A multilevel contingency model of employee ownership and firm productivity: The moderating roles of industry growth and instability

31 Dec 2019


Kyoung Yong Kim, Pankaj C. Patel

Published in Organization Science, December 2020

Employee stock ownership is a widely used organizational practice to invigorate and empower employees for the betterment of organizational financial performance. But how effective is employee ownership across a range of different industry conditions? 
Dr. Kyoung Yong Kim of City University of Hong Kong, and Dr.
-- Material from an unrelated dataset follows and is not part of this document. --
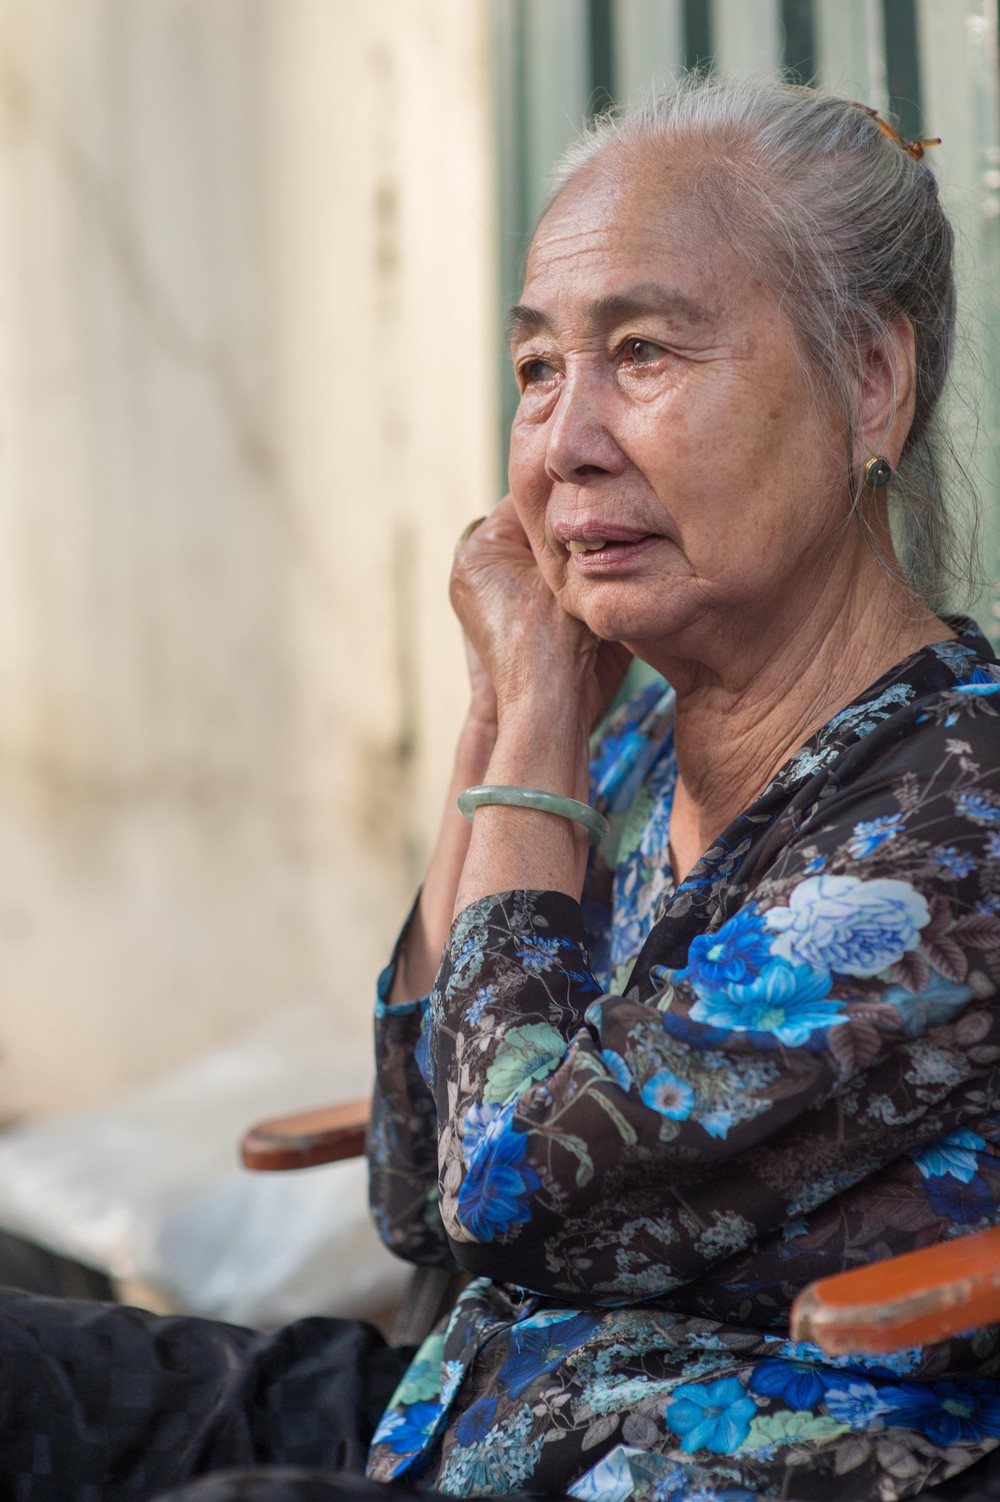 Triết lý sung sướng phụ nữ hiện đại nào cũng phải học từ cụ bà 81 tuổi bán hoa gói lá 70 năm ở góc chợ Đồng Xuân - Ảnh 18.
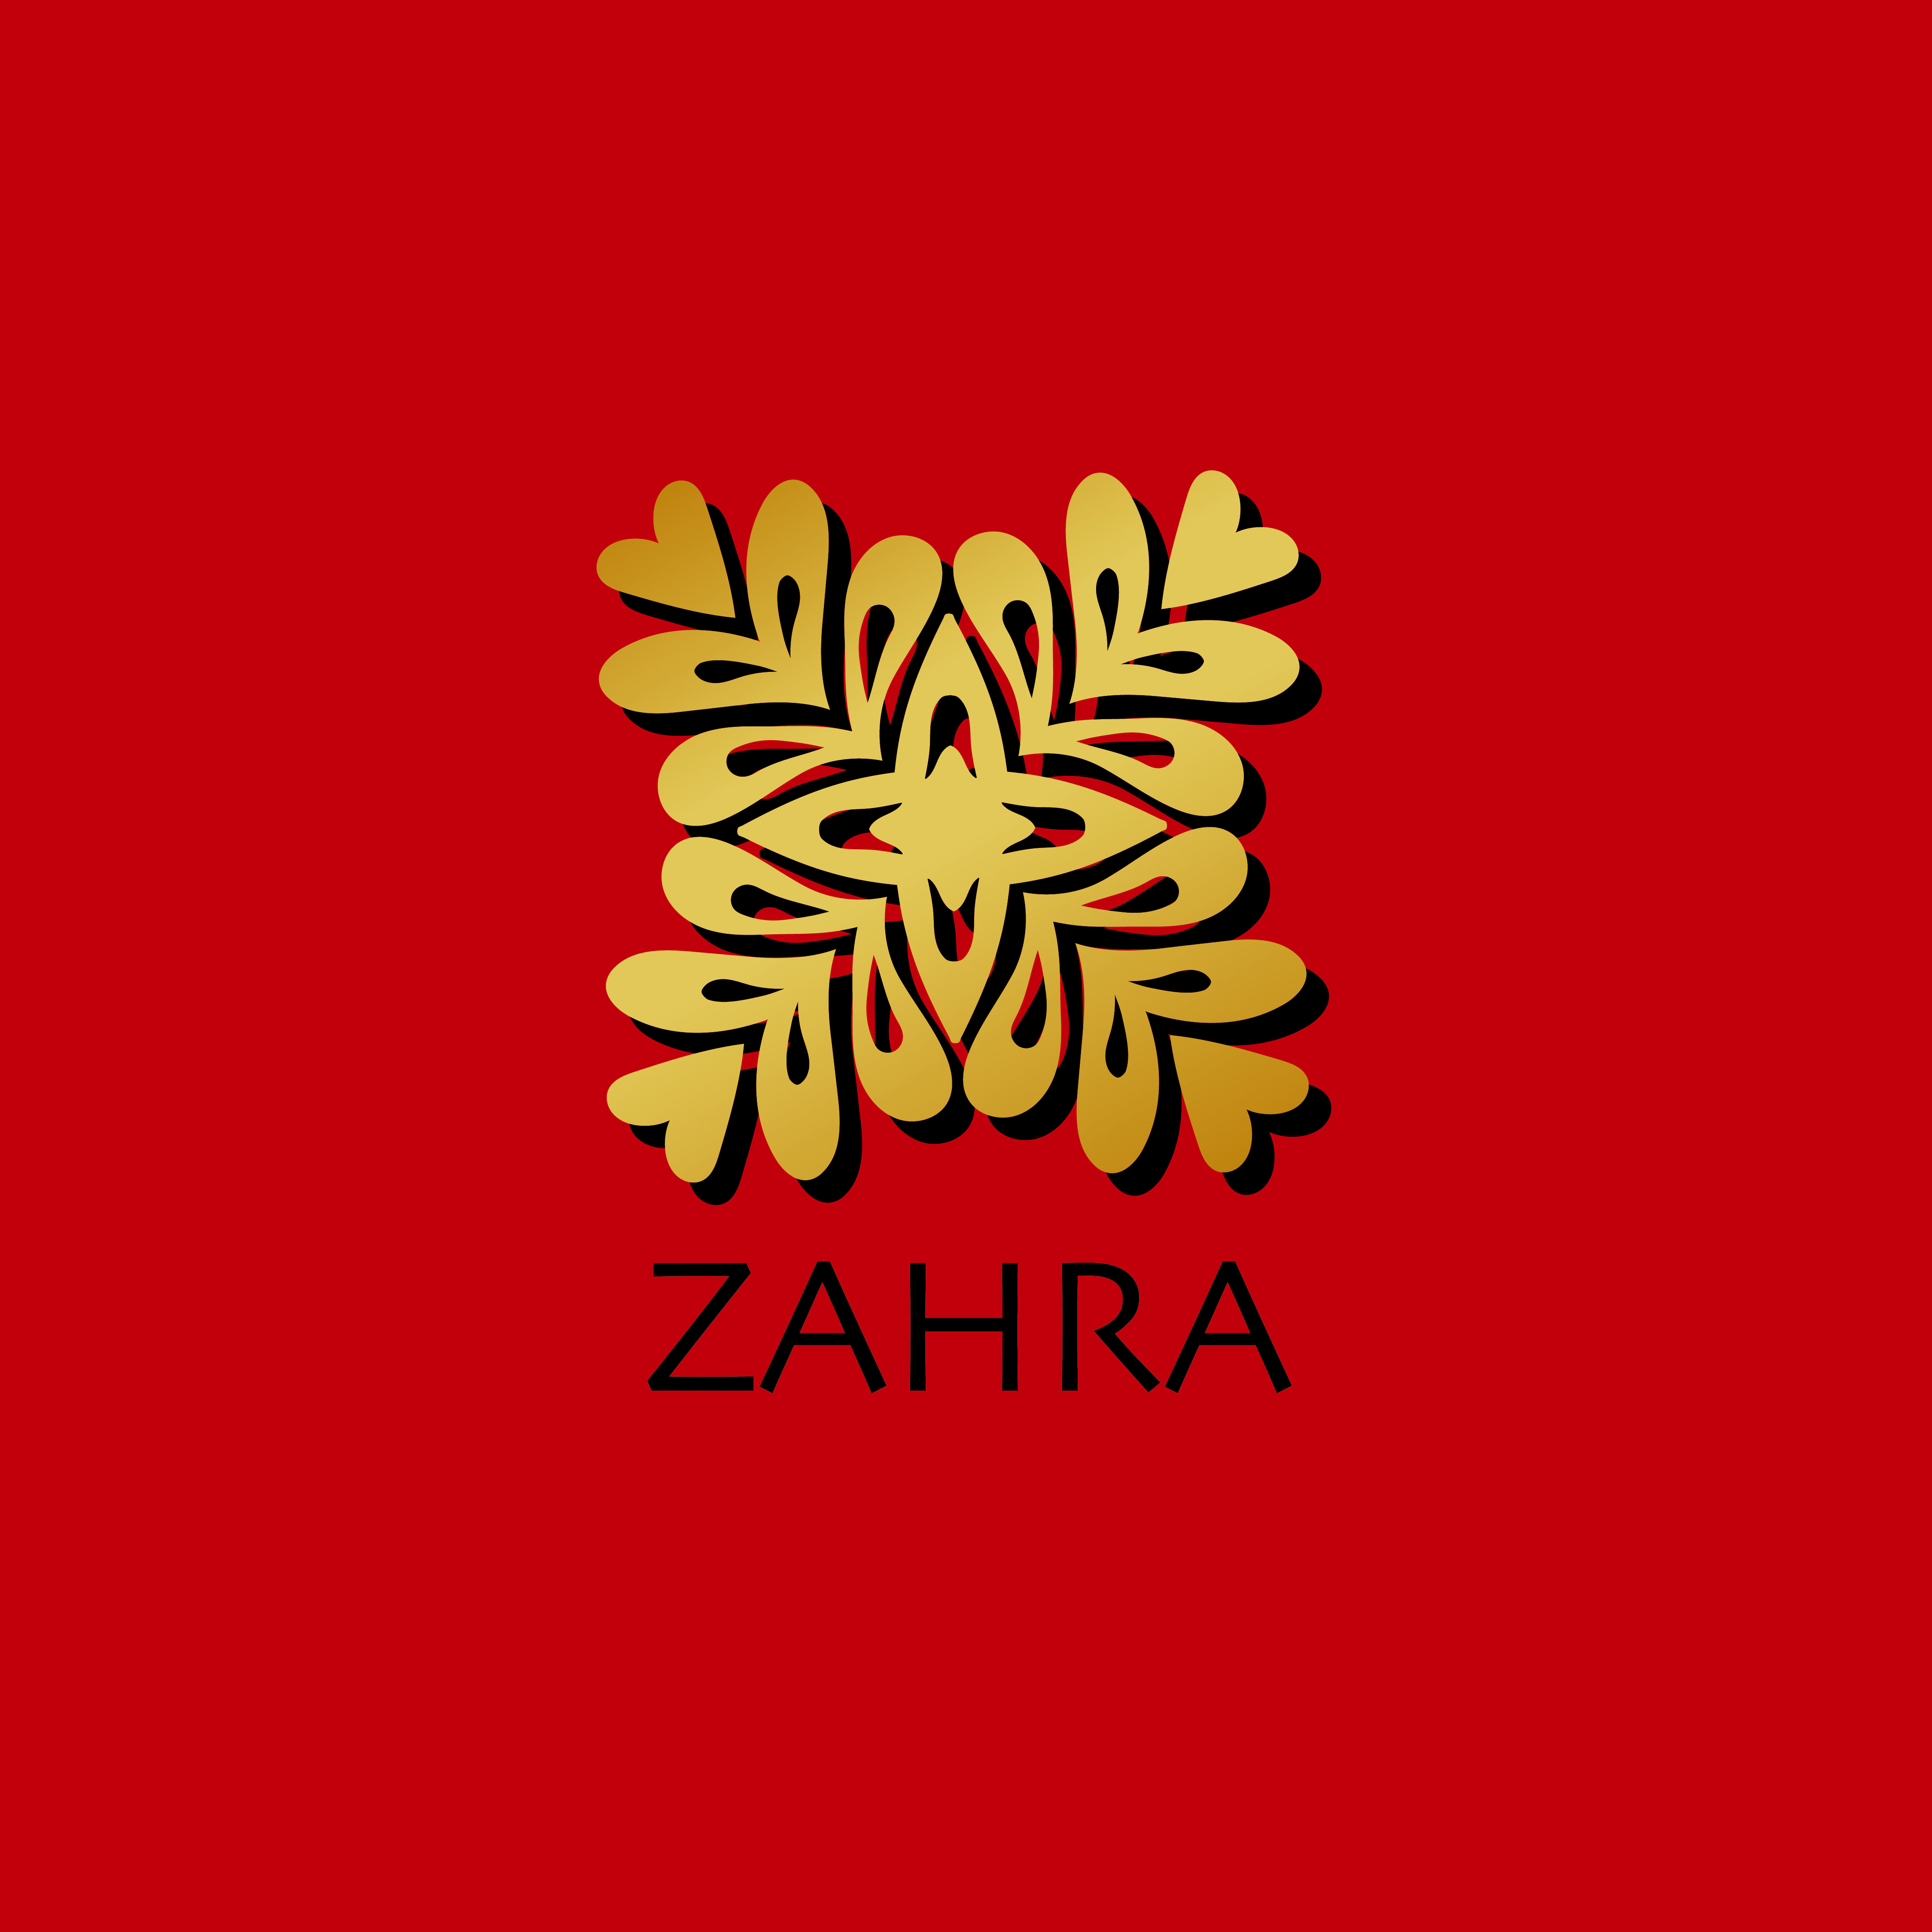 Logo example2

Pankaj C. Patel of Villanova University in the United States set out to tackle this issue. 
“We found that employee ownership plans enhanced organizational performance the most in growing but unstable industries,” said Kim.
Based on data from 29 countries including the United Kingdom, France, Italy, and South Korea, Kim and Patel explained that in such industry conditions, employees did not only see the potential for greater economic gains but also recognized that their greater work efforts were especially important in realizing the potential gains, therefore contributing to organizational financial performance.     
A rationale behind the practice of employee stock ownership is that it creates a direct linkage between employees’ personal wealth and organizational performance, and the linkage improves employees’ work motivation. It allows distribution of wealth as well as enhancing employee and organization performance. Due to these benefits, policies on employee stock ownership are an important agenda for the Administration of U.S. President Joe Biden.